Selecting the Right Wireless DevicesTips for Ensuring Security
PDAs and smart phones vary widely in their security capabilities, so it's important that physicians use the right devices to remotely access clinical information, Borten stresses.
In an interview (transcript below), Borten says:
- Hospitals and clinics must select appropriate wireless tools, making sure devices that physicians and others use have adequate authentication and encryption capabilities.
- Organizations need to understand and take full advantage of the new security capabilities most wireless networks have to offer.
- IT staff must aggressively monitor wireless networks, using vulnerability scans and other technologies to identify weaknesses that could enable an unauthorized user to gain access and violate patient privacy.
Borten, CISSP, CISM, is president of The Marblehead Group Inc. She advises healthcare organizations on information security strategies and compliance issues. She formerly served as head of information security at Massachusetts General Hospital and chief information security officer at Beth Israel Deaconess Medical Center. Borten is a frequent speaker on HIPAA and health information privacy and security. She is also the author of "Guide to HIPAA Security Risk Analysis" and "HIPAA Security Made Simple."
HOWARD ANDERSON: Today we want to talk to you about wireless network security. How does the growing use of wireless networks and wireless devices affect healthcare organizations' risk management strategies?
KATE BORTEN: When the proposed HIPAA security rule came out, I don't think there was a mention of wireless. These days, even smaller healthcare organizations have wireless. The good news, in terms of security risk, is that wireless networks typically include out-of-the-box security that is much better than it was in the past. Of course, you add a wireless network, and you may feel as though its part of your private LAN. But because these signals go out over the airwaves, you really need to think of it more like you think of using the Internet public network.
Encryption, AuthenticationANDERSON: So as more hospitals and clinics implement wireless networks within their facilities, what are the most important steps they can take to ensure the security of information traversing those networks?
BORTEN: As I mentioned there is better and better security in terms of encryption and authentication. In the early years, we had WEP, which wasn't worth much and most organizations recognized that and implemented something like a virtual private network at a much higher level. Today, though, we have not only the WPA Enterprise level, but we've got WPA 2 that gives AES level encryption and, in general, much stronger implementations that are compliant with the IEEE 801.11 standards. So we've got better tools. ...
Selecting Wireless DevicesANDERSON: What additional security factors must healthcare organizations address when they consider offering clinicians remote access to clinical information via a wireless device such as a smart phone?
BORTEN: Of course those small ... handheld devices raise all sorts of problems. Wireless is only a part of the whole picture. Increasingly, organizations are recognizing that certain handhelds simply don't have quite the security capabilities that others do. I don't want to name any brands, but some of these devices should not be used if you want to store or access any confidential information or resources, not just limited to the protected health information, but anything else that you need to protect. You want to make sure that there is authentication capability in these devices and encryption ... as well as the encrypted transmission on the wireless network until you get back to the wired enterprise network.
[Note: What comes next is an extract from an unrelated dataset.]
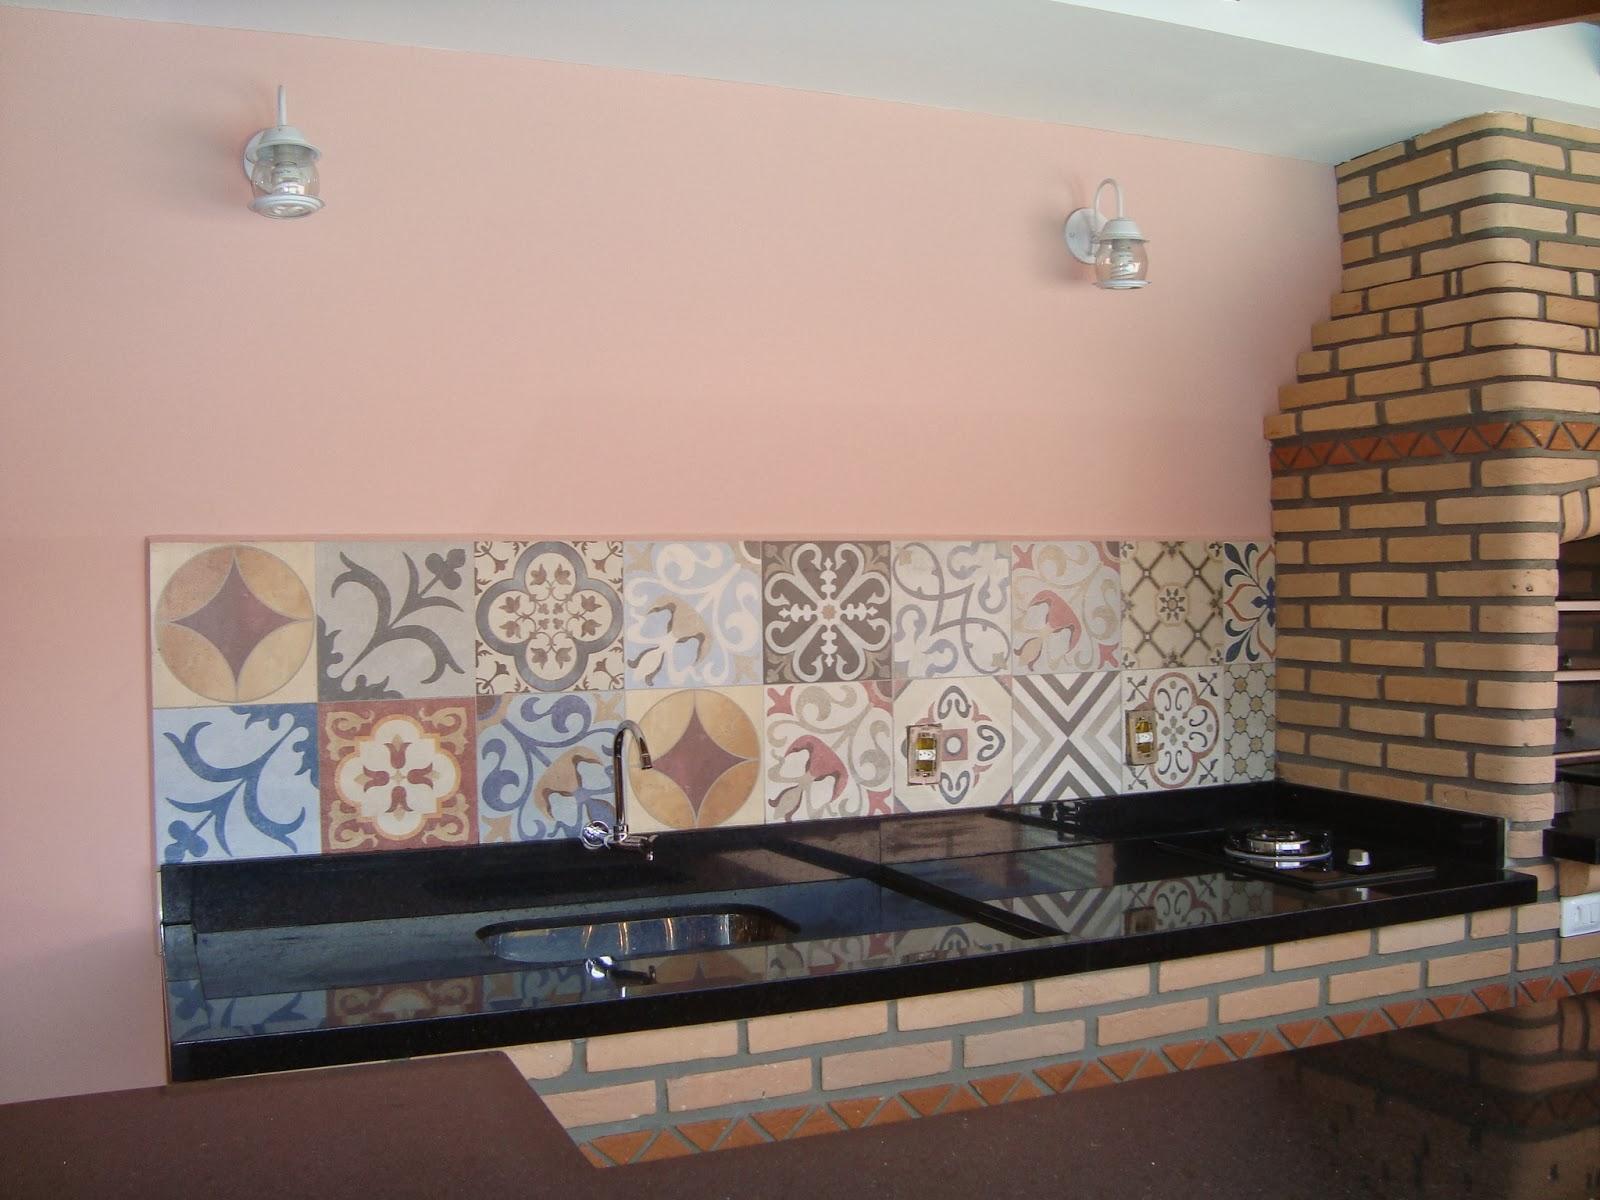 Usamos uma faixa do mesmo ladrilho colocado no chuveirão e duas  #865745 1600x1200 Azulejo Banheiro Dimensões
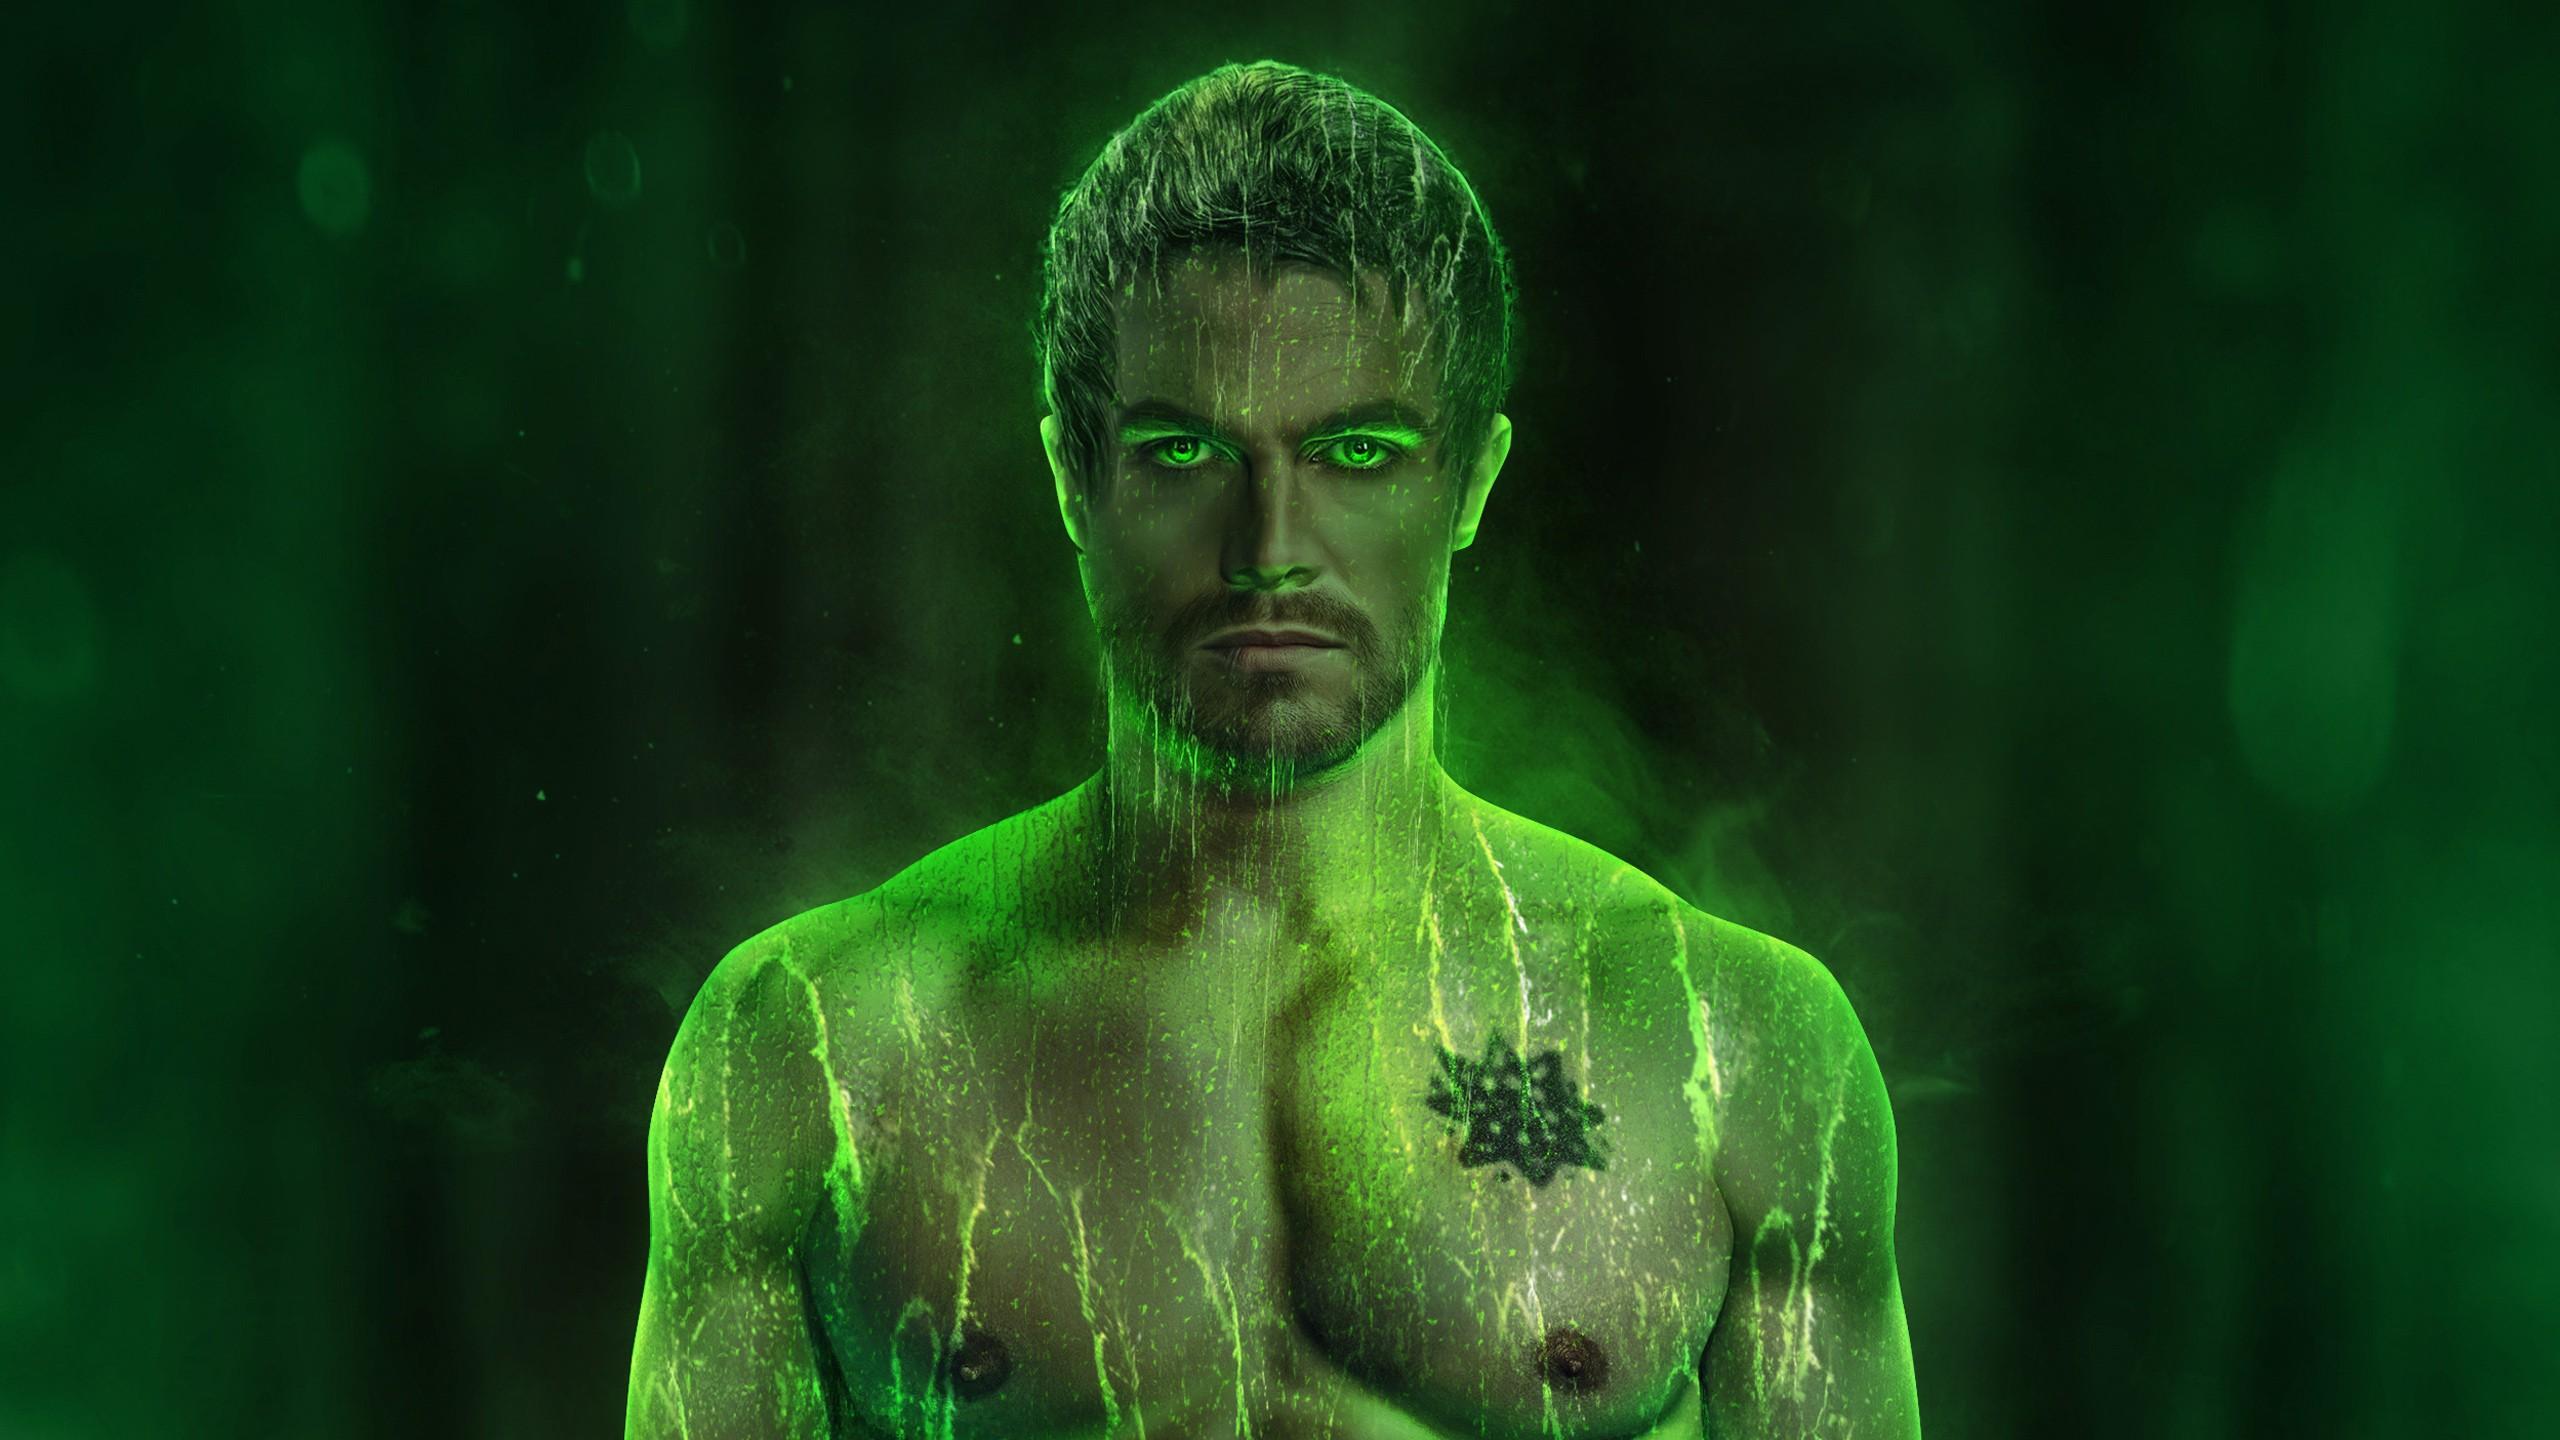 Prison Break Hd Wallpapers Download Arrow Oliver Queen Season 6 Wallpapers Hd Wallpapers

Understanding the capabilities and then choosing the right tools to work with can be a challenge in an organization where every doctor gets to go out and choose their own device. ... So we're begging organizations to say, "We need to have some consistency; we have to set certain standards and limit this to certain devices that we know we can control with certain software and processes."
ANDERSON: So the encryption and authentication capability of various smart phones and PDAs are all over the map?
BORTEN: I would say that there are some differences in capabilities. Again, my hope is that as time passes, any hand-held device is going to come with easy-to-use encryption and authentication capabilities. But I don't think we are consistently there today.
Monitoring Wireless NetworksANDERSON: Based on your experiences advising a wide variety of healthcare organizations, what other advice would you give to hospitals and clinics that are ramping up their use of wireless technologies about how to accurately address security and maintain the privacy of patient information?
BORTEN: Just as the ... IT staff needs to be regularly monitoring the wired network, having tools that will watch the traffic and send alerts or drop packets and conducting vulnerability scans of the network, you also need to use these sorts of tools on the wireless portions of your network as well.
So you certainly want to use discovery tools to identify rogue access points that some one might have put up. Maybe it was an employee who simply thought it would be nifty to extend the wireless into a new department and didn't actually get this approved. Maybe it's someone with more malicious intent from the outside. So certainly conduct access point discovery, which is fairly easy to do.
The companion piece to that is do war driving to understand how your signals are leaking out, because they certainly do, and testing to make sure that you are using the wireless network at an appropriate level of encryption and authentication. ... That makes it quite hard for anybody to actually hop onto your network, whether they want to use if for free Internet access or for much more damaging purposes of really poking into your network and snooping, taking data or destroying data.